INA MAY GASKIN: Now we’re about maybe 150 people, but when we settled we were around 300. And my husband Stephen became the first recipient of the Right Livelihood Award, you know, for the work we did, because in learning to build that community, we developed skills that were helpful, and so we had a world outreach, you know, organization we called Plenty. And we did work in Guatemala after an earthquake, and we did work in Lesotho and with Native Americans. And that’s ongoing. So, we lived there. We were vegetarian, had our babies at home, ran a free ambulance service here in the Bronx starting in the late '70s. And so, we're just all over the place doing these sort of different things, and the community is 40 years old now.
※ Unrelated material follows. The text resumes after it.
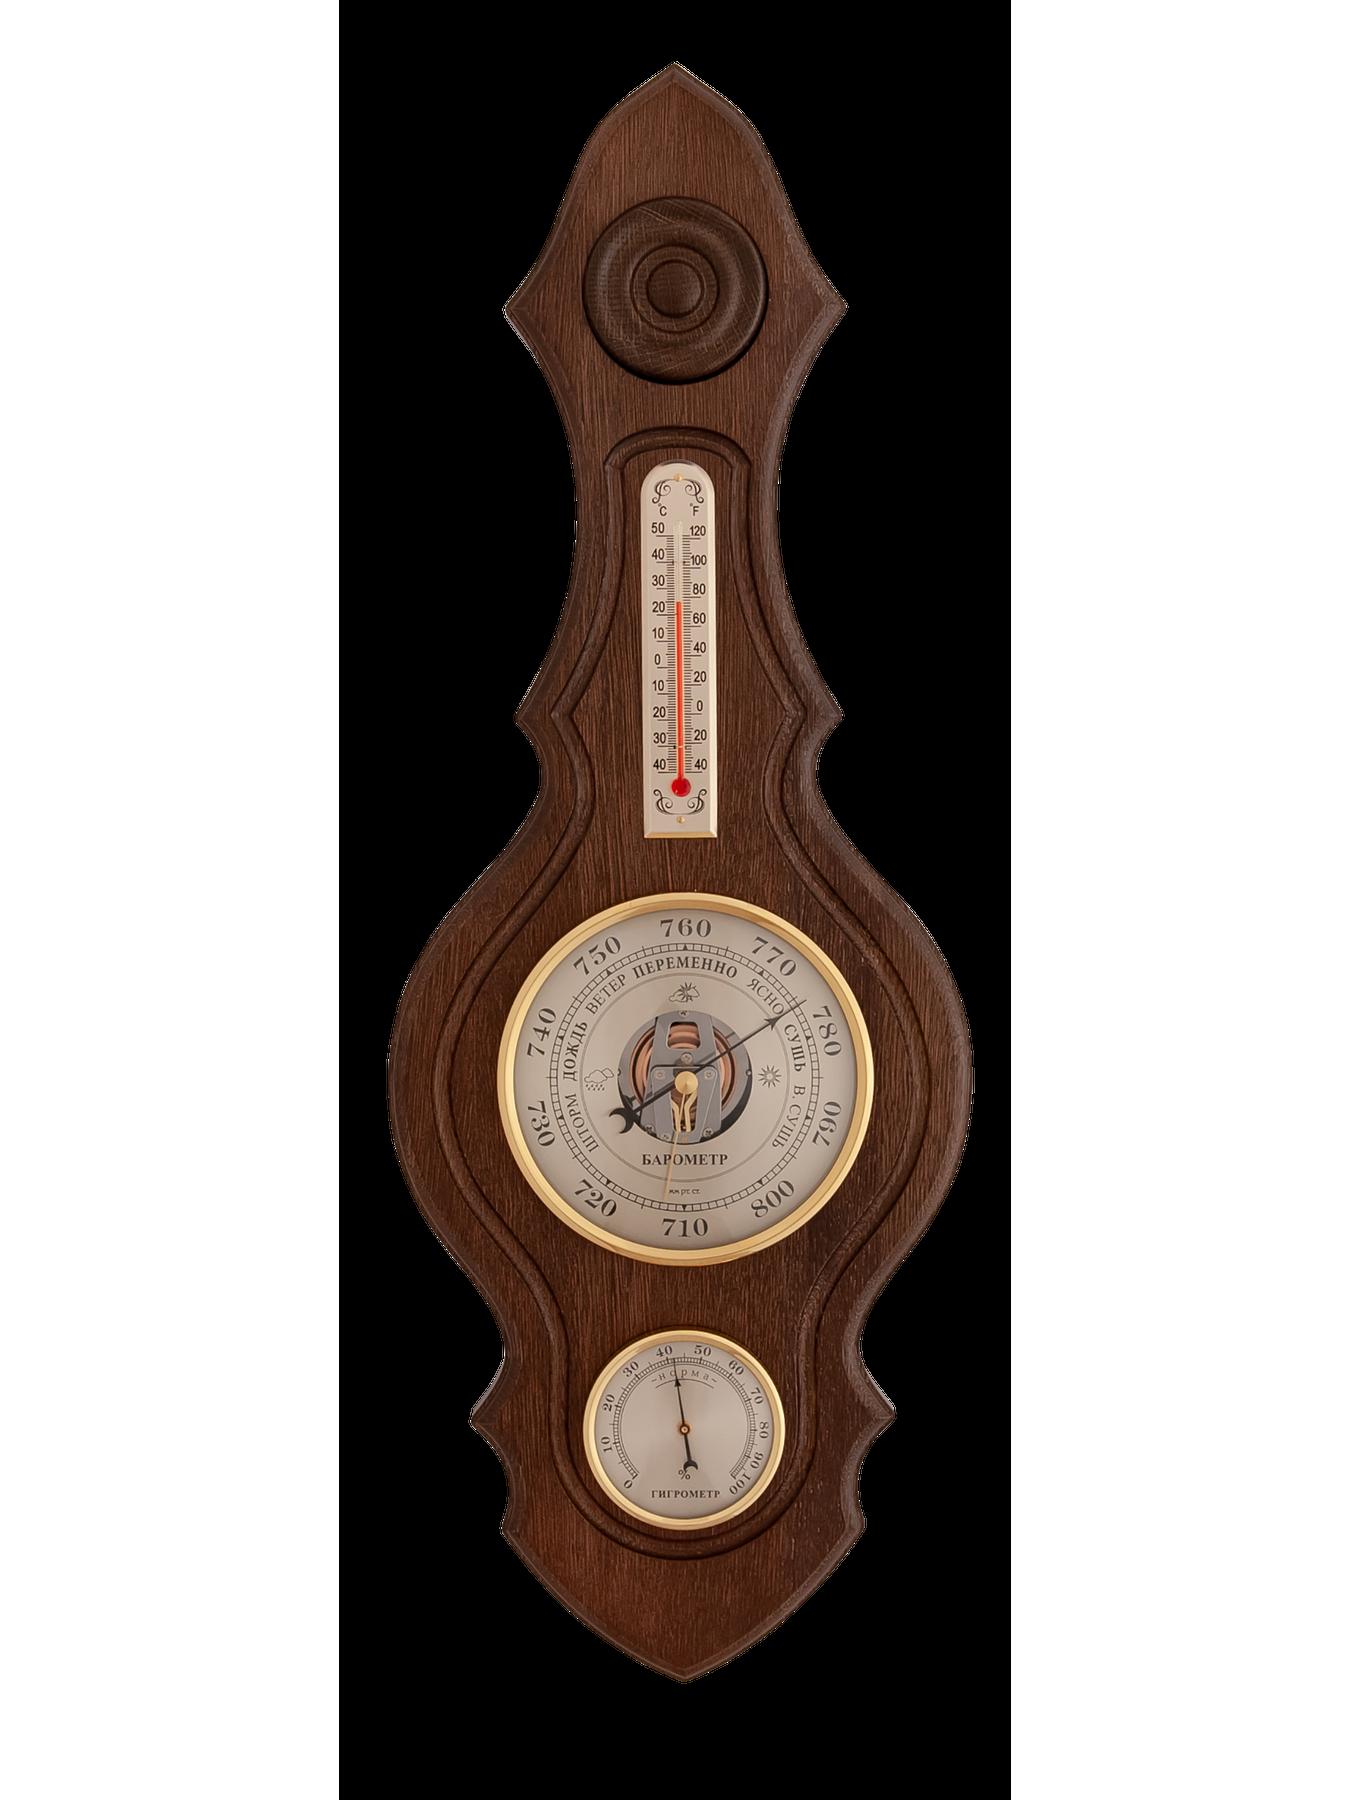 Домашняя метеостанция СМИЧ БМ 74 барометр ,гигрометр, термометр.|Датчики давления| | АлиЭкспресс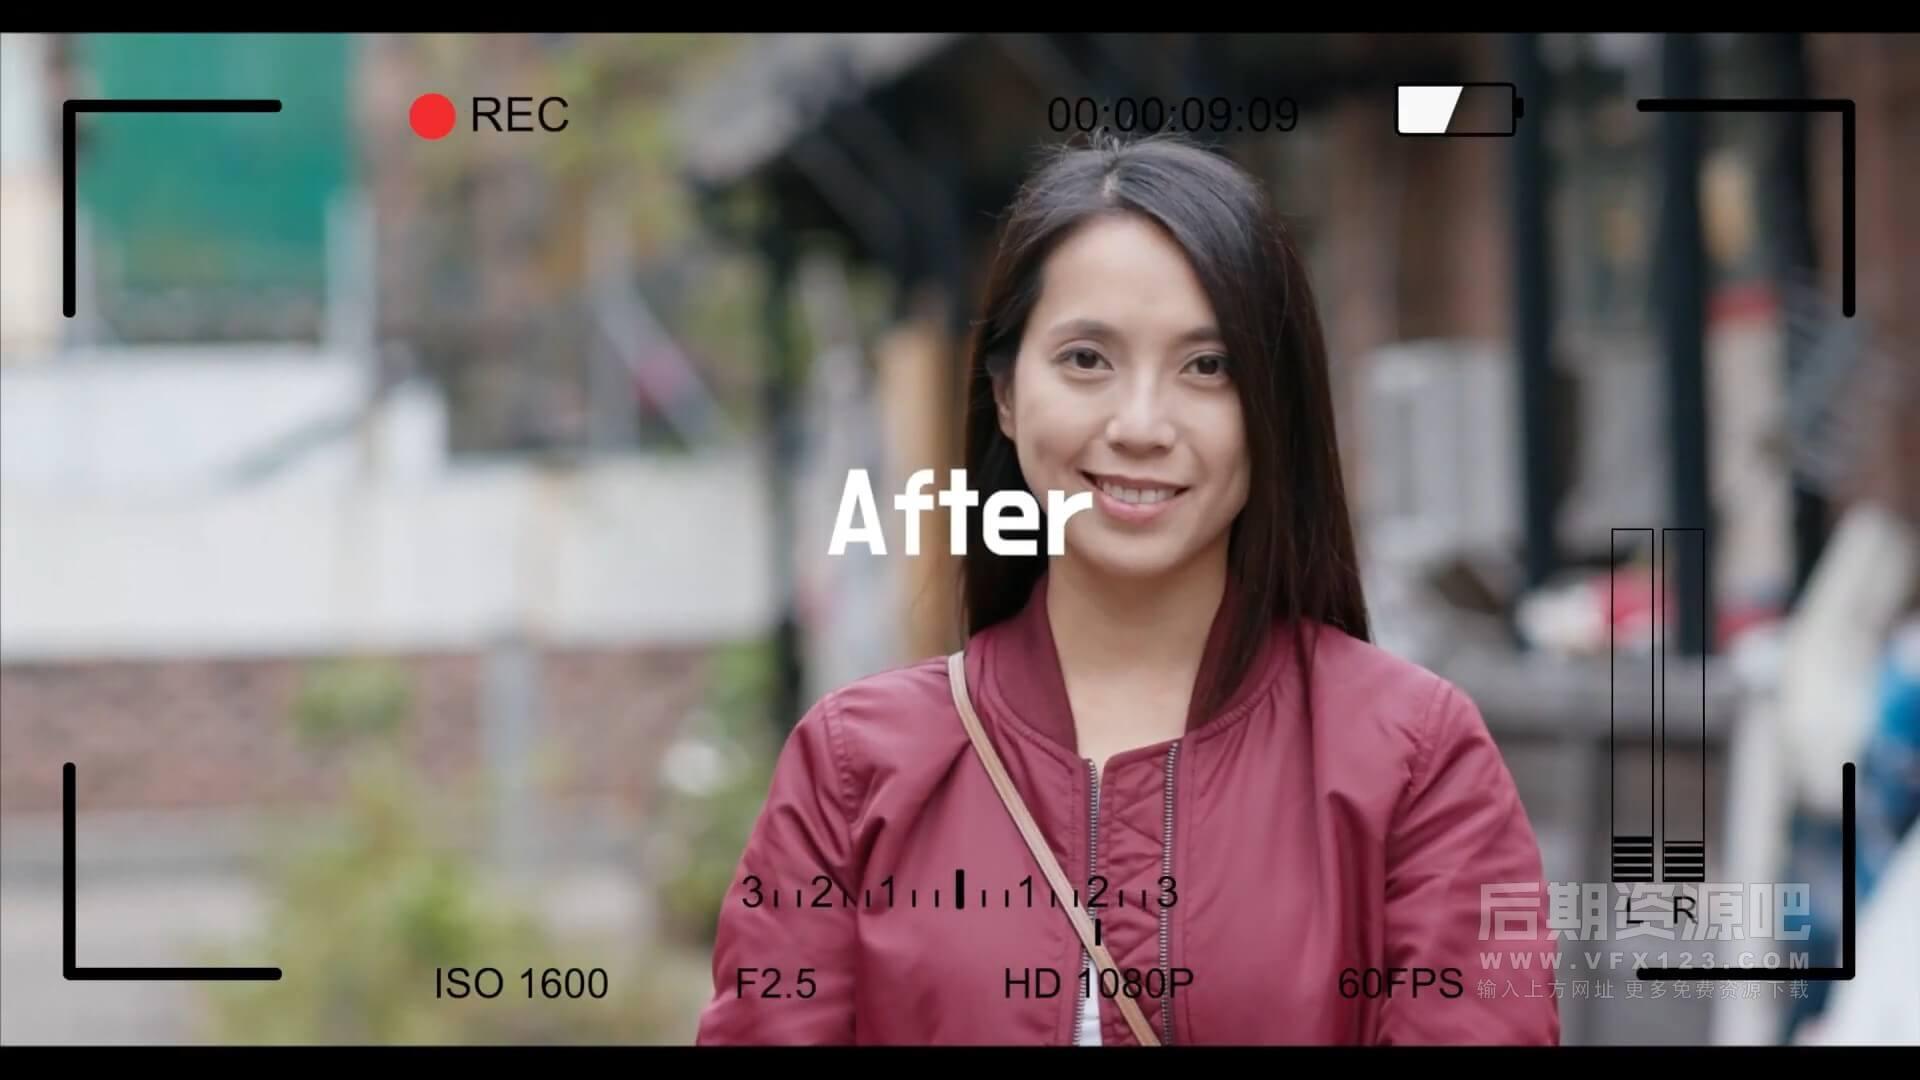 fcpx效果插件 数码相机屏显信息录制状态边框动画 Camera DSLR Motion

AMY GOODMAN: And on the issue of insurance covering midwifery?
INA MAY GASKIN: OK. Insurance has incredible power now, power that it didn’t have 70 years ago. It’s the reason that doctors aren’t learning to do breech deliveries anymore. It’s the reason that midwives are—it’s one of the huge reasons that we have very few midwives in this country. We need 120,000 more easily.
AMY GOODMAN: We have 20 seconds.
INA MAY GASKIN: And so, you don’t have—midwives are at the bottom of the pile, basically, on getting coverage, and especially if we work at home. We’re—we’ve become the scapegoat for all of this distraction, you know? And so, we need payment. We need a lot more midwives. And we also need postpartum care, which midwives could be giving.
AMY GOODMAN: We’re going to continue this interview after the show, and we’ll post it on our website at democracynow.org. Ina May Gaskin is our guest. Her book is Birth Matters: A Midwife’s Manifesta. She’ll be speaking at the 92nd Street Y tonight.